Metaverse became seriously ill as the economy slowed and the hype around generative AI grew. Microsoft Shutter Its virtual-workspace platform AltSpaceVR In January 2023, laid Of the 100 members of its “Industrial Metaverse team“And made it A range of cuts To Its HoloLens team. Disney Shut down its Metaverse division In March, and Walmart followed suit by ending its Roblox-based Metaverse The project cost tens of billions of dollars in investment and breathless hype surrounding the half-baked concept, costing tens of thousands – if not thousands – of thousands. People lose their jobs.
But Metaverse officially stopped life support when it became clear that Zuckerberg and the company that started the craze had moved on to greener financial pastures.
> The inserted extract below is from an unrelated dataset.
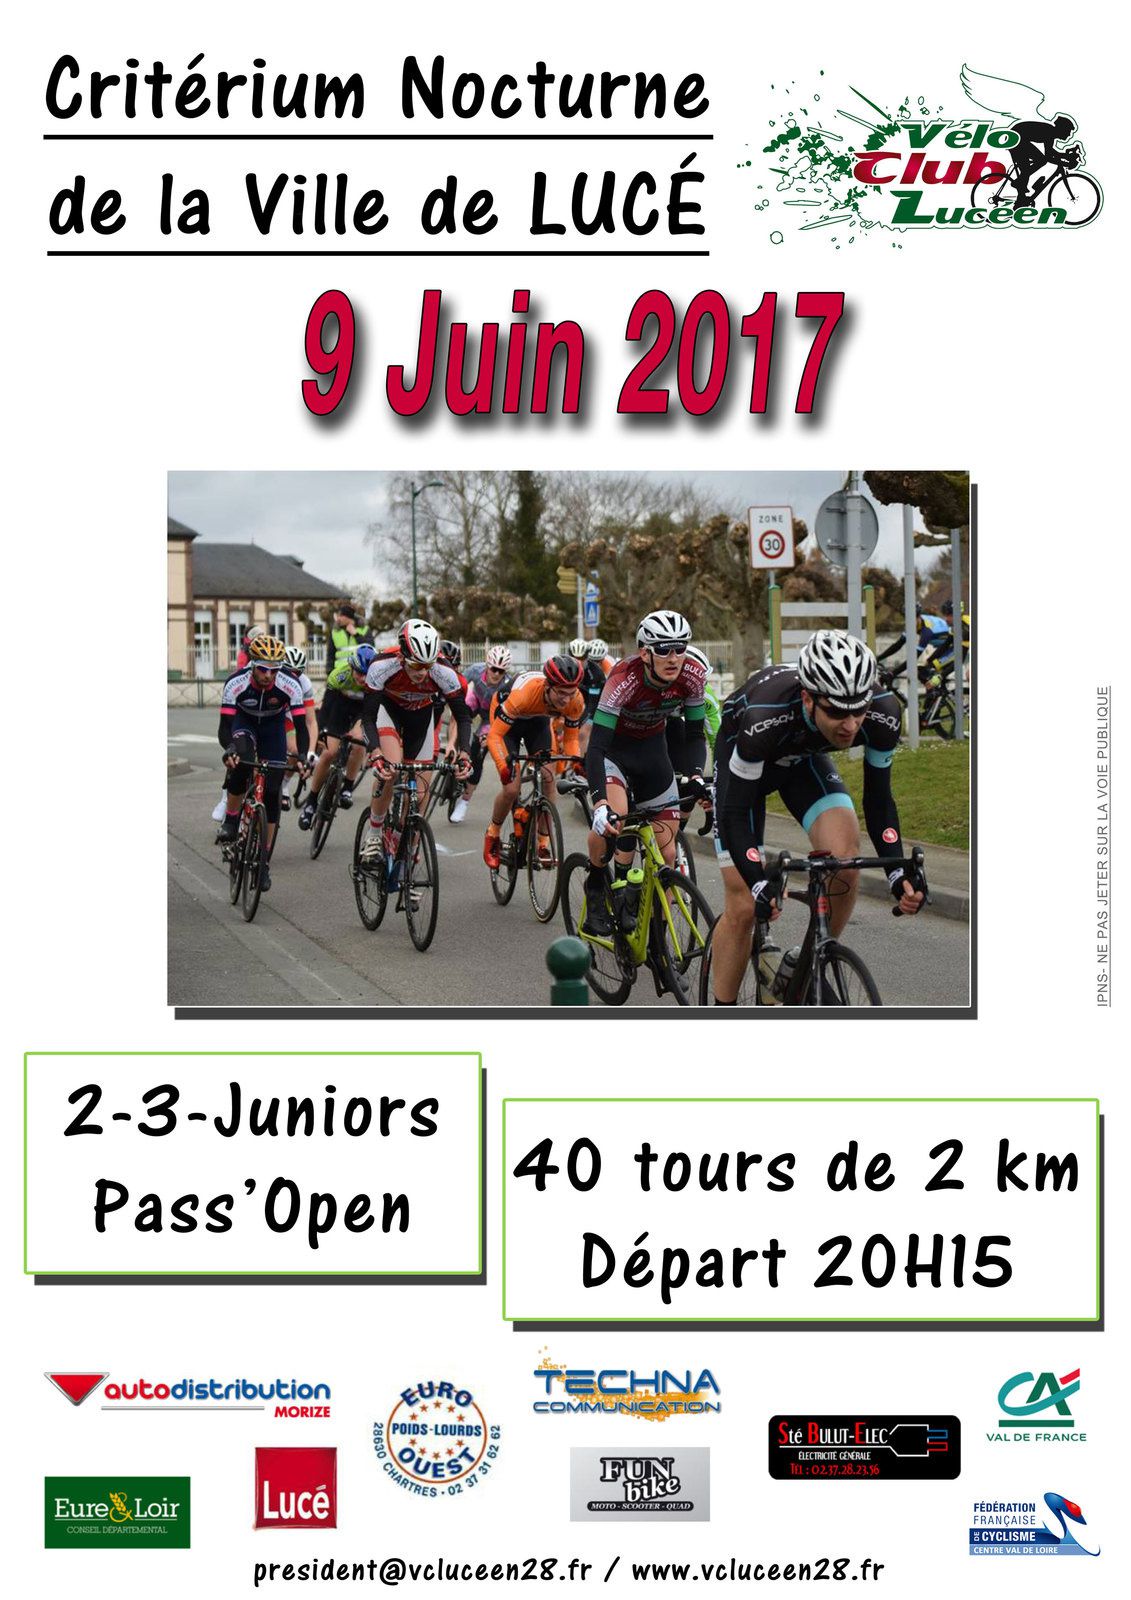 Les critériums en nocturne au mois de juin 2017 en Eure et Loir

Zuckerberg announced in a March update that Meta “The single biggest investment is pushing AI forward and building it into every one of our products.” Andrew Bosworth, Meta’s chief technology officer, told CNBC in April that he is now spending most of his time on AI, along with Mark Zuckerberg and the company’s chief product officer, Chris Cox. The company also has Stopped pitching Metaverse to advertisersHowever Spends more than $100 billion on research and development On its mission to become the “Metaverse First”. When Zuckerberg May Suggest developing games for Quest headsets There is a kind of investment, the writing on the wall: meta is done with metaverse.
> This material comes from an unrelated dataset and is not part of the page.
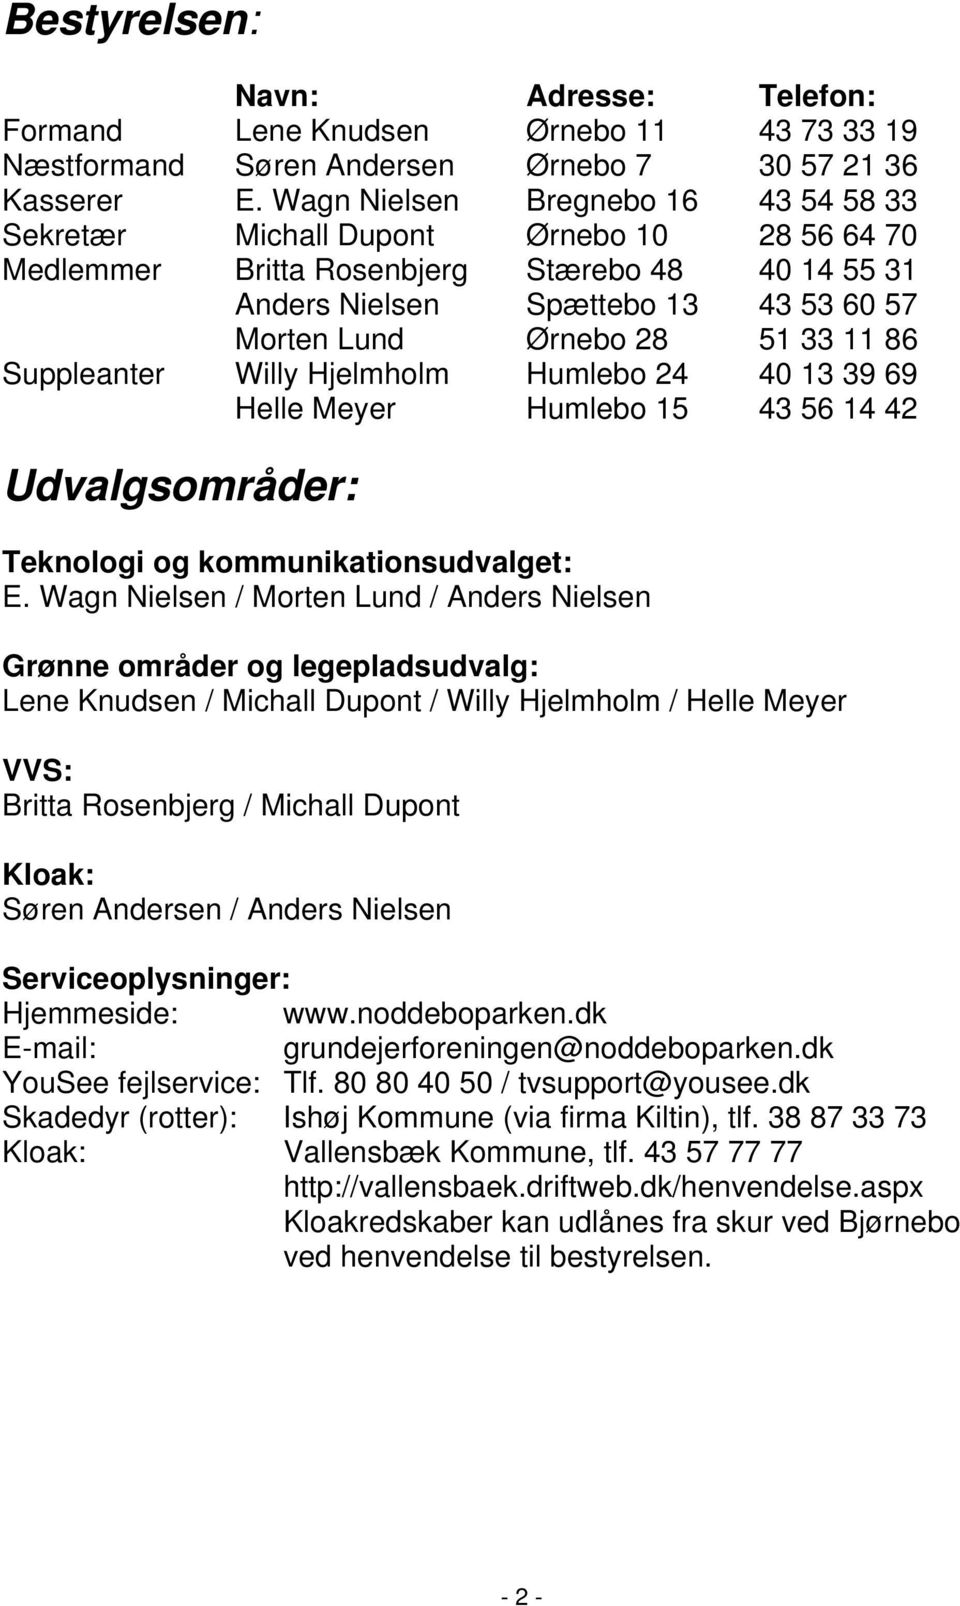 33 11 86 Suppleanter Willy Hjelmholm Humlebo 24 40 13 39 69 Helle Meyer Humlebo 15 43 56 14 42 Udvalgsområder: Teknologi og kommunikationsudvalget: E.

Did anyone learn their lesson?
While the idea of virtual worlds or collective online experiences may live on in some form, the capital-M metaverse is dead. It was preceded in death by a long line of tech fads like Web3 and Google Glass. It has survived new fungal ideas like the aforementioned generative AI and self-driving cars. Despite this long lineage of disappointment, let’s be clear: the demise of the Metaverse should arguably be remembered as one of the most historic failures in tech history.
I don’t believe Mark Zuckerberg ever had any real interest in “the metaverse” because it doesn’t seem to define it beyond an avatar and a slightly tweaked Facebook with cumbersome hardware. Rather than a realistic vision for the future of human interaction, it was a means of inflated stock prices. And Zuckerberg used his vast wealth and power to get the entire tech industry and a good chunk of the American business world behind this half-baked idea.
The fact that Mark Zuckerberg has apparently walked away from the Metaverse is an indictment of everyone who followed him, and anyone who still thinks of him as a visionary tech leader. It should also cause some serious reflection in the venture-capital community, which has recklessly followed Zuckerberg by blowing billions of dollars on a hype cycle founded on the most delicate language of a press-release. In a just world, Mark Zuckerberg should be fired as CEO of Meta (In the real world, This is actually impossible).
Zuckerberg led everyone astray, burned billions of dollars, convinced an industry of followers to submit to his whimsical obsessions, and then killed him when another idea caught Wall Street’s interest. There is no reason that man has Supervises the layoffs of thousands of people Should run a big company. There is no future for Meta with Mark Zuckerberg at the helm: it will stagnate, and then it will die and follow the Metaverse to the proverbial grave.